Are you getting the access violation when using what function? If one the main program functions then go into your scrapebox folder and there should be a bugreport.txt file, send that to

scrapeboxhelp (at] gmail [dot) com

I am having the same issues as the following user. Why does this occur? It's been like this since I have purchased the software. I've tried different settings to solve this matter but nothing seems to work at all.

I've sent an email to you guys just now and waiting for a reply. Hopefully, it shouldn't be too long Smile


RE: Havester Problem - adam110 - 11-11-2016

have you tried to access google manually with your proxies? (outside of scrapebox) if so then is google showing you the results?

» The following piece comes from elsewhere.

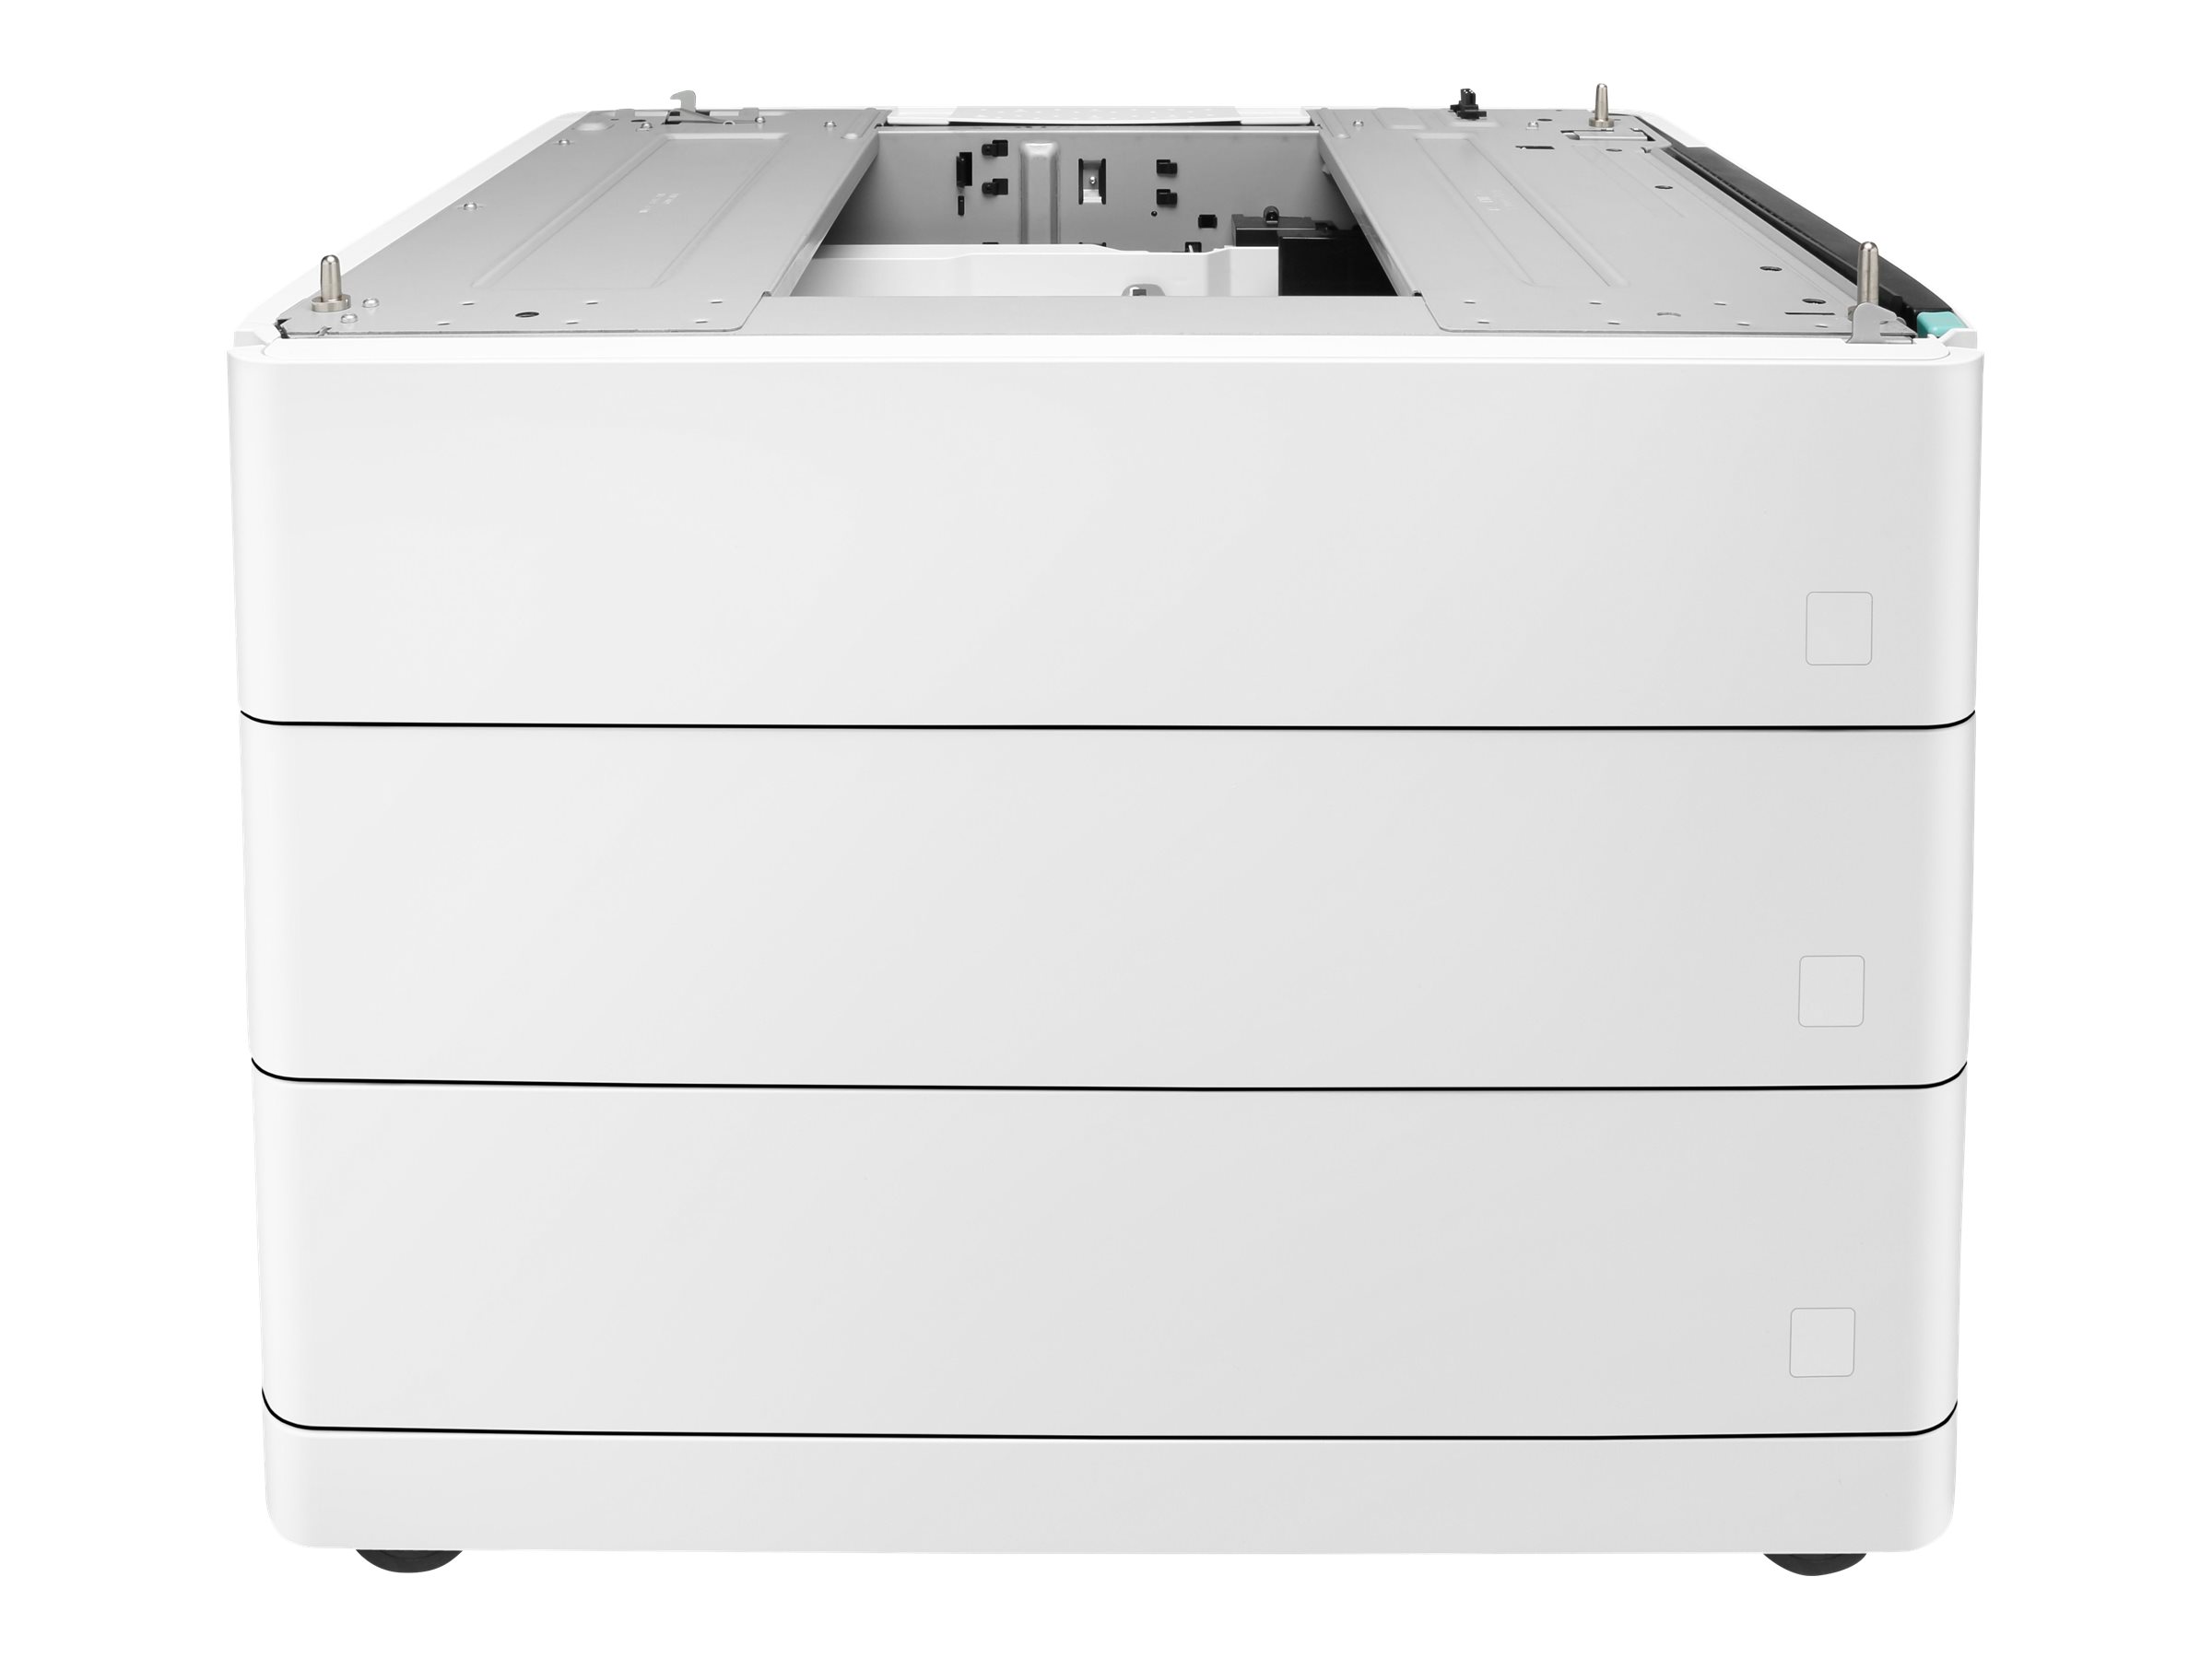 HP Papierzufhrung und Unterstand - Medienschacht - 1650 Bltter in 3 Schubladen (Trays) - fr PageWide Color 755, MFP 77X; Page

Im scraping with scrapebox right now and as long as you have the proper setup then you should be ok to scrape..

I have squid proxies but I dont use them for google scraping because the amount I scrape would kill them -


RE: Havester Problem - loopline - 11-14-2016

(11-08-2016, 03:56 PM)Taken Wrote:
(10-20-2016, 02:54 AM)loopline Wrote: You should send your bug report to scrapebox support

Are you getting the access violation when using what function? If one the main program functions then go into your scrapebox folder and there should be a bugreport.txt file, send that to

scrapeboxhelp (at] gmail [dot) com

I am having the same issues as the following user. Why does this occur? It's been like this since I have purchased the software. I've tried different settings to solve this matter but nothing seems to work at all.

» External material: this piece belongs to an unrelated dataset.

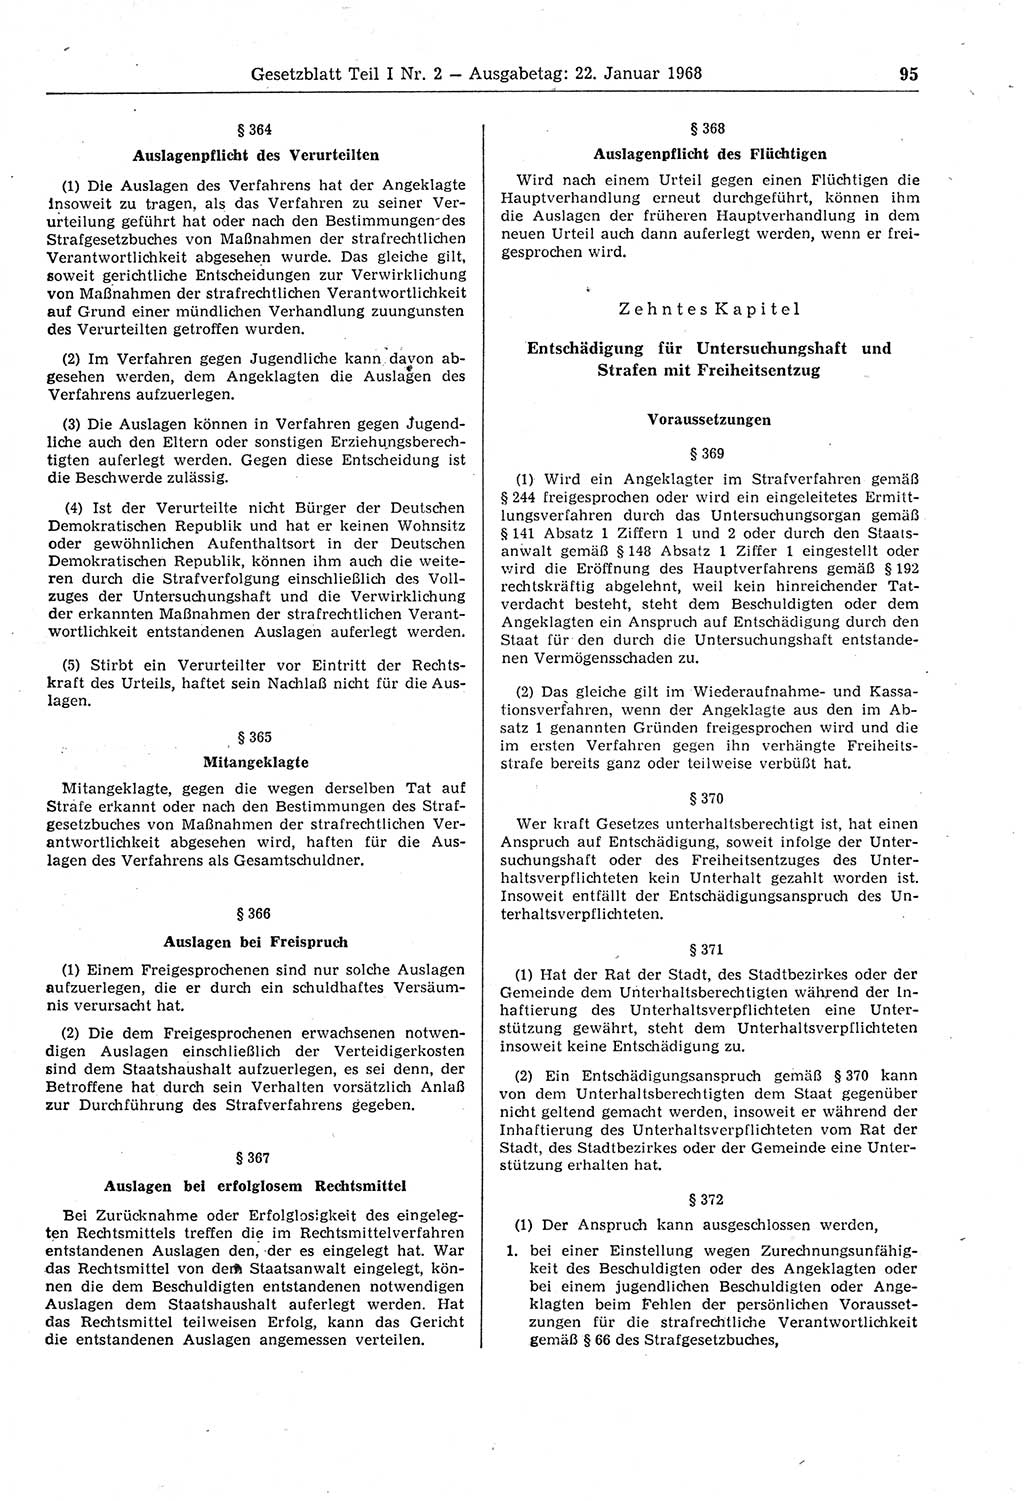 Gesetzblatt (GBl.) der Deutschen Demokratischen Republik (DDR) Teil Ⅰ 1968, Seite 95 (GBl. DDR Ⅰ 1968, S. 95)

I've sent an email to you guys just now and waiting for a reply. Hopefully, it shouldn't be too long Smile

If your getting an access violation then contact support would be the only option. or are you having another issue?


RE: Havester Problem - edge13 - 11-18-2016

(11-11-2016, 10:44 AM)adam110 Wrote: have you tried to access google manually with your proxies? (outside of scrapebox) if so then is google showing you the results?

Im scraping with scrapebox right now and as long as you have the proper setup then you should be ok to scrape..

I have squid proxies but I dont use them for google scraping because the amount I scrape would kill them -

I'm using squid proxies as well, and those good people have change 3 batches proxies for me already, but I keep getting this same issue.
[Image: scrapebox.png]
[Image: scrapebox-20161116.png]

Can you share your setup to us please?

Thank you!

(10-20-2016, 02:54 AM)loopline Wrote: You should send your bug report to scrapebox support

Are you getting the access violation when using what function? If one the main program functions then go into your scrapebox folder and there should be a bugreport.txt file, send that to

scrapeboxhelp (at] gmail [dot) com

Thank you loopline, I contacted squid proxies afterwards, they have changed 3 batches proxies for me already, but still have the same problem, I will send scrapebox for help.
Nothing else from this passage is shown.